Credit union innovators boost the learning curve on cannabis banking.
In the fall of 2013, James Collins heard gunshots while relaxing at his home in Central Washington. It turns out a neighbor had an illegal marijuana grow operation, attracting three armed men who showed up at his house.
“They weren’t after his crop; they were after his cash,” recalls Collins, president/CEO at $301 million asset O Bee Credit Union in Tumwater, Wash.
The experience underscores the public safety hazards created with the presence of cash businesses—particularly high-volume cannabis dispensaries.
Serving these types of businesses remains a murky prospect from a legal standpoint, at least on the federal level. Recreational marijuana is now legal in 10 states and the District of Columbia, while medical marijuana is legal in more than 30 states, according to Business Insider.
Because cannabis remains illegal at the federal level, however, it is almost entirely a cash sector. Basic banking services are hard to come by for legitimate businesses, and credit card processing is out of the question.
While some community financial institutions have stepped forward to fill the vacuum, reliable market statistics are elusive for logical reasons.

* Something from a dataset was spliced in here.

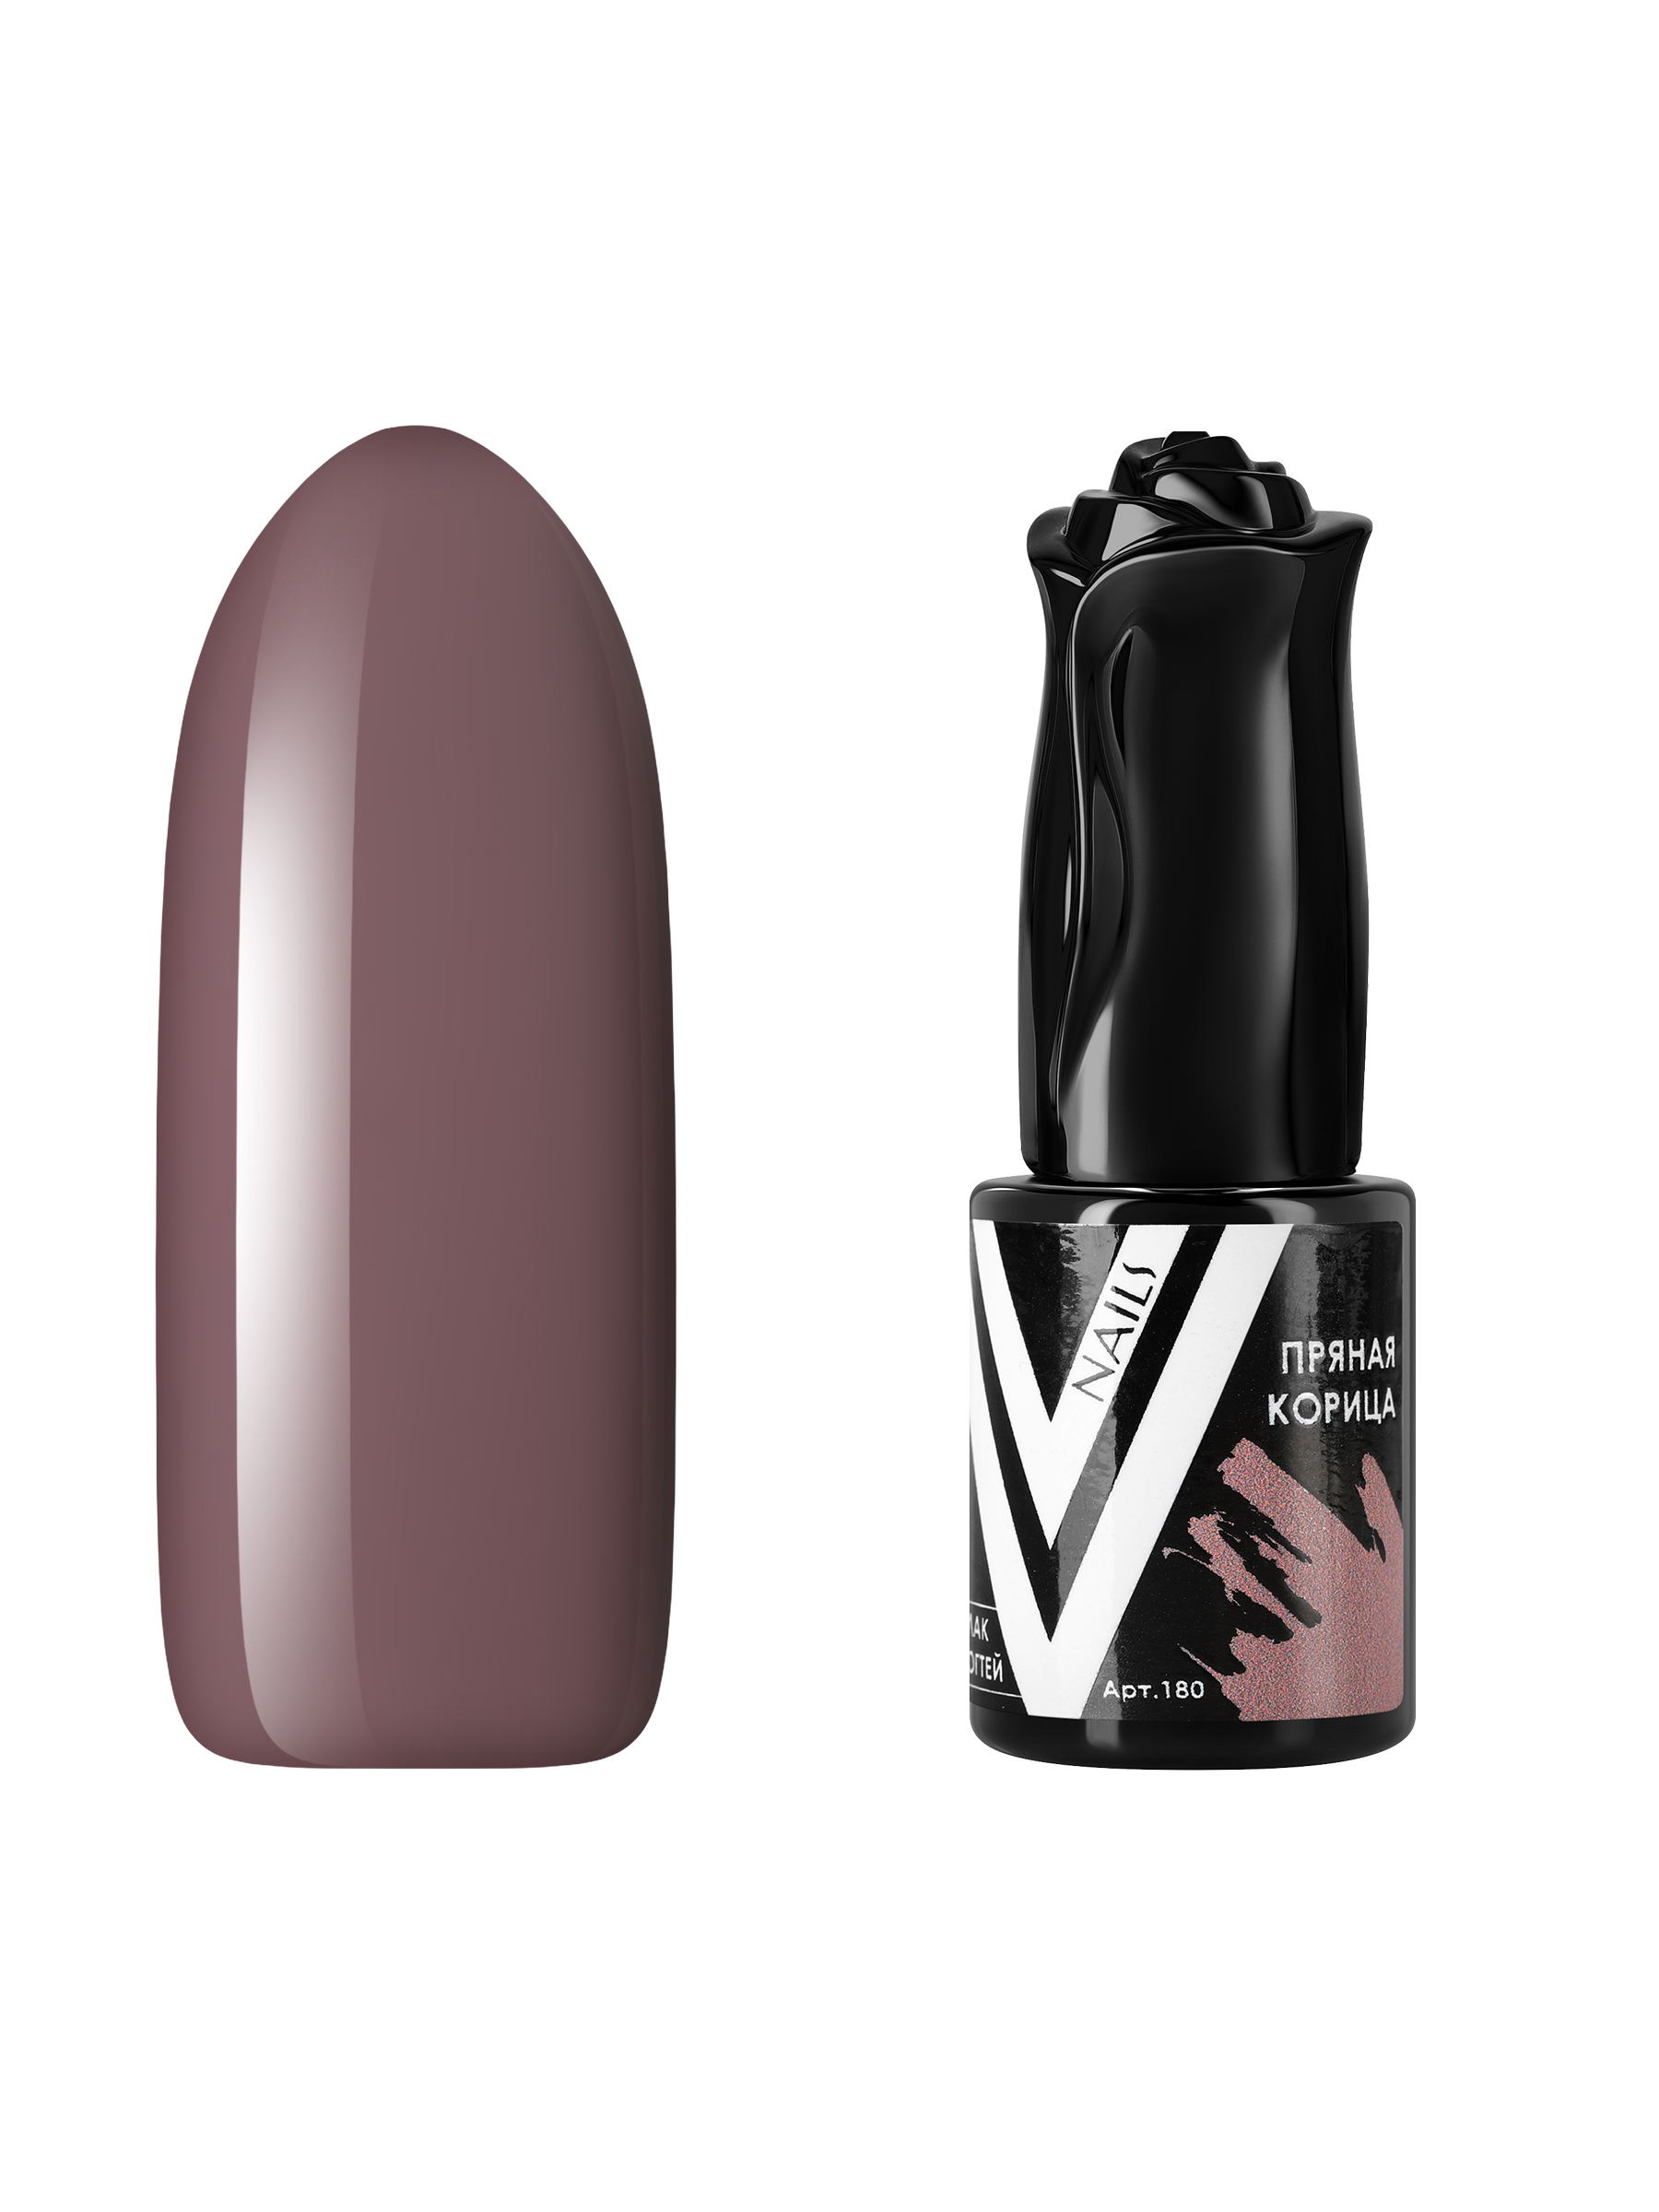 Гель-лак для ногтей Vogue Nails плотный, темный, самовыравнивающийся, бежевый, 10 мл крем краска collage 23001 3 00 темный шатен 60 мл натуральный бежевый коричневый 60 мл

“There’s a hesitancy for financial institutions getting into this space from putting a target on their backs and jeopardizing relationships with vendors and correspondent banks,” explains Deirdra O’Gorman, founder/president of DX Consulting, which advises financial institutions setting up cannabis programs. “The rule of thumb is, ‘keep quiet.’”
The same holds for cannabis businesses. Once they manage to obtain an account, proprietors don’t want to become too vocal and risk losing the convenience.
Roughly 30 financial institutions are serving cannabis businesses at scale, but O’Gorman points to an indicator she believes reflects growing activity: Financial institutions filed 62% more cannabis suspicious activity reports (SARs) at the end of 2018 compared with 2017.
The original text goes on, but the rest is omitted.